We specified 4 workers, so there are 4 entries in the n_completed_tasks, start_up_time, init_time, waiting_time, working_time, and exit_time containers. They show per worker the number of completed tasks, the total start up time, the total time spend on the worker_init function, the total time waiting for new tasks, total time spend on main function, and the total time spend on the worker_exit function, respectively. The insights also contain mean, standard deviation, and ratio of the tracked time. The ratio is the time for that part divided by the total time. In general, the higher the working ratio the more efficient your multiprocessing setup is. Of course, your setup might still not be optimal because the task itself is inefficient, but timing that is beyond the scope of MPIRE.

Additionally, the insights keep track of the top 5 tasks that took the longest to run.
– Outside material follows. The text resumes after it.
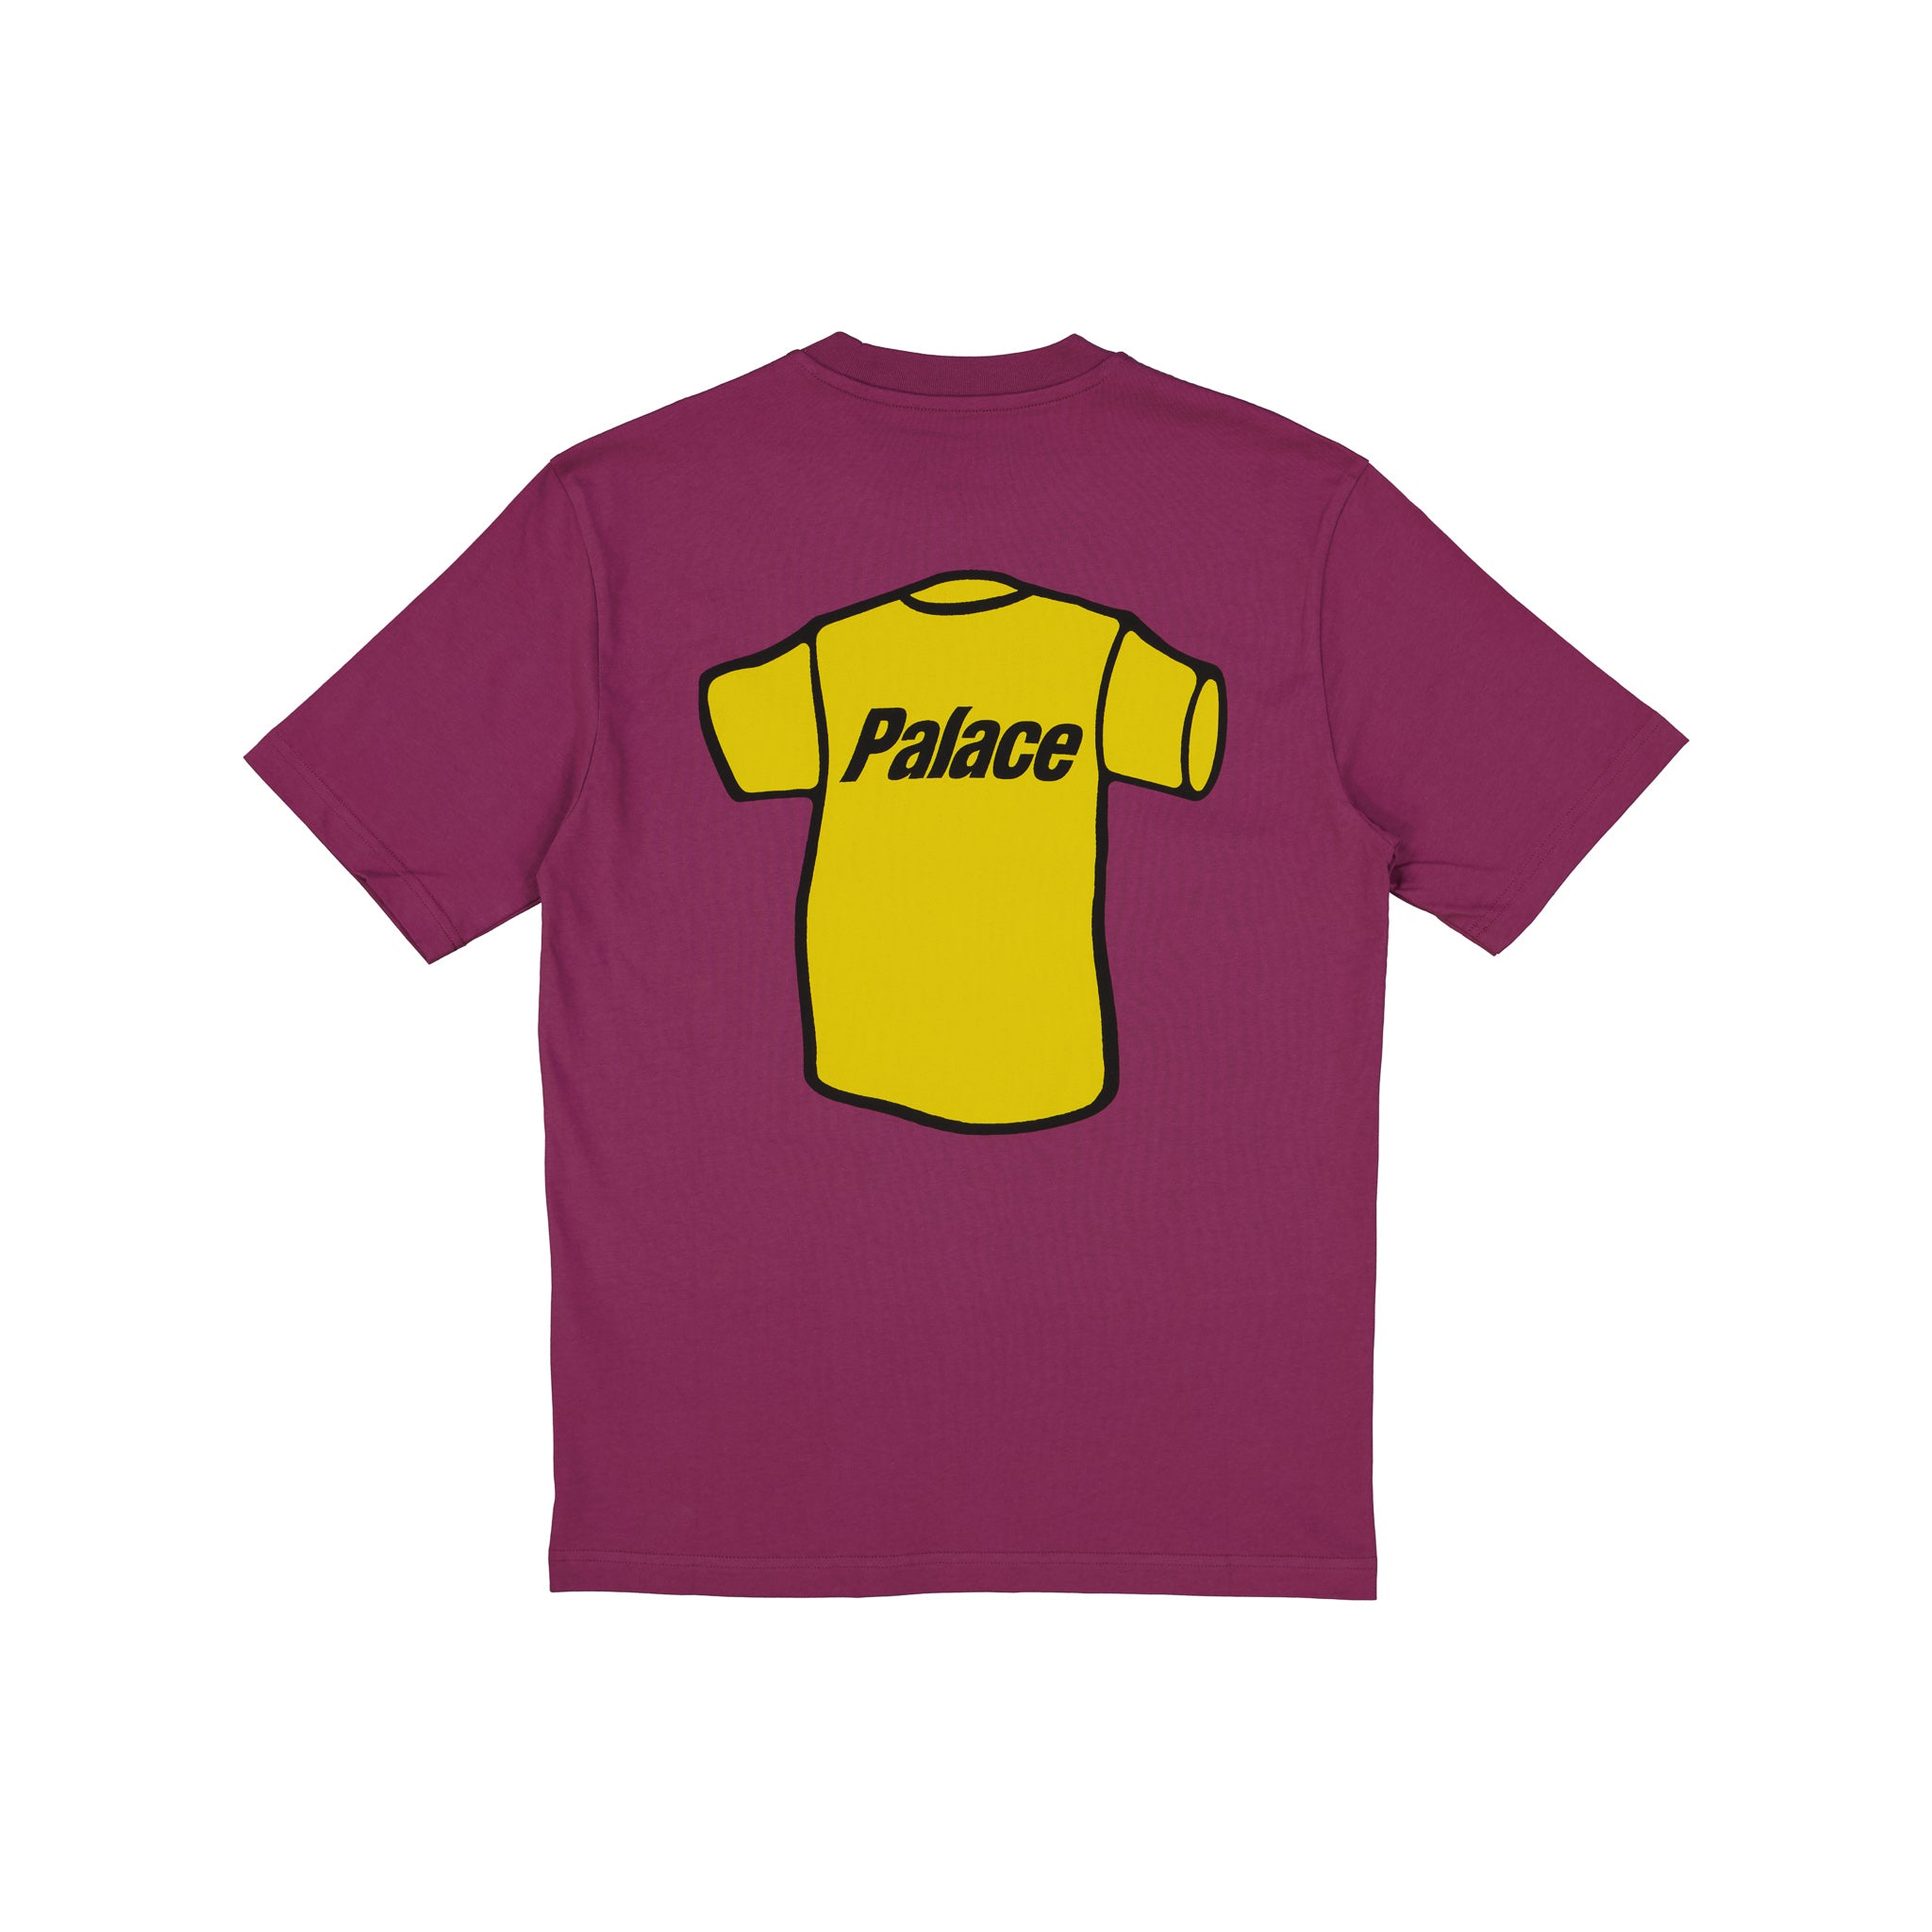 Palace T-Shirt T-Shirt Wine - SPRMRKT
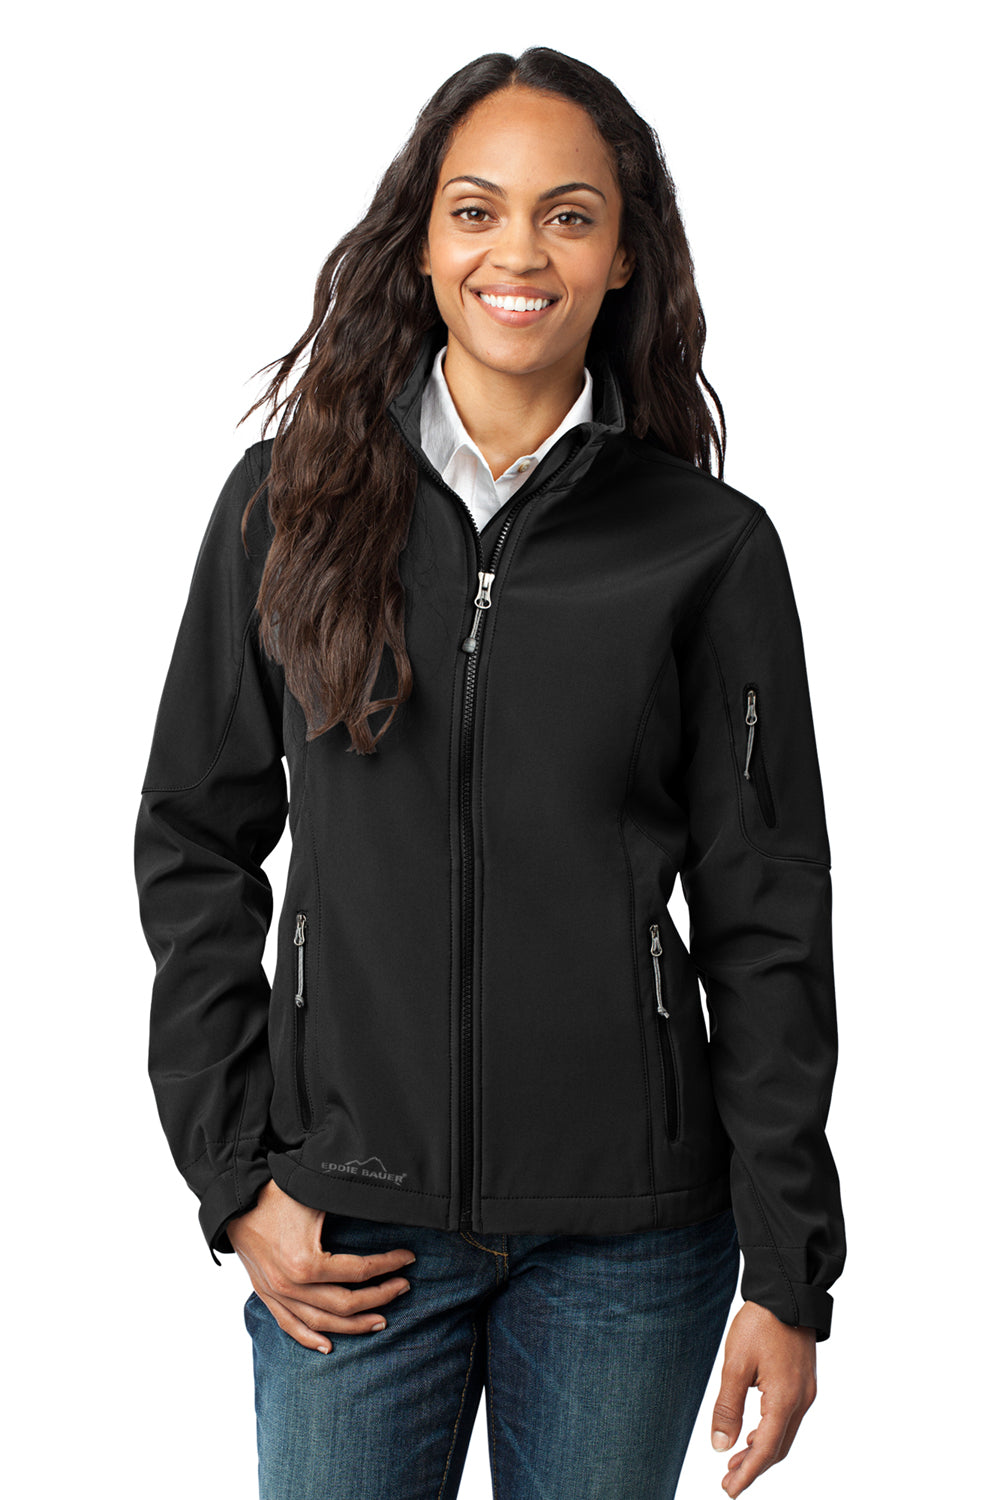 Eddie Bauer EB531 Womens Water Resistant Full Zip Jacket Black Model Front

The data is split up in two containers: one for the duration and one for the arguments that were passed on to the task function. Both are sorted based on task duration (desc), so index 0 of the args list corresponds to index 0 of the duration list, etc.

When using the MPIRE Dashboard you can track these insights in real-time. See Dashboard for more information.

Note

When you use imap or imap_unordered you can view the insights during execution. Simply call get_insights() or print_insights() inside your loop where you process the results.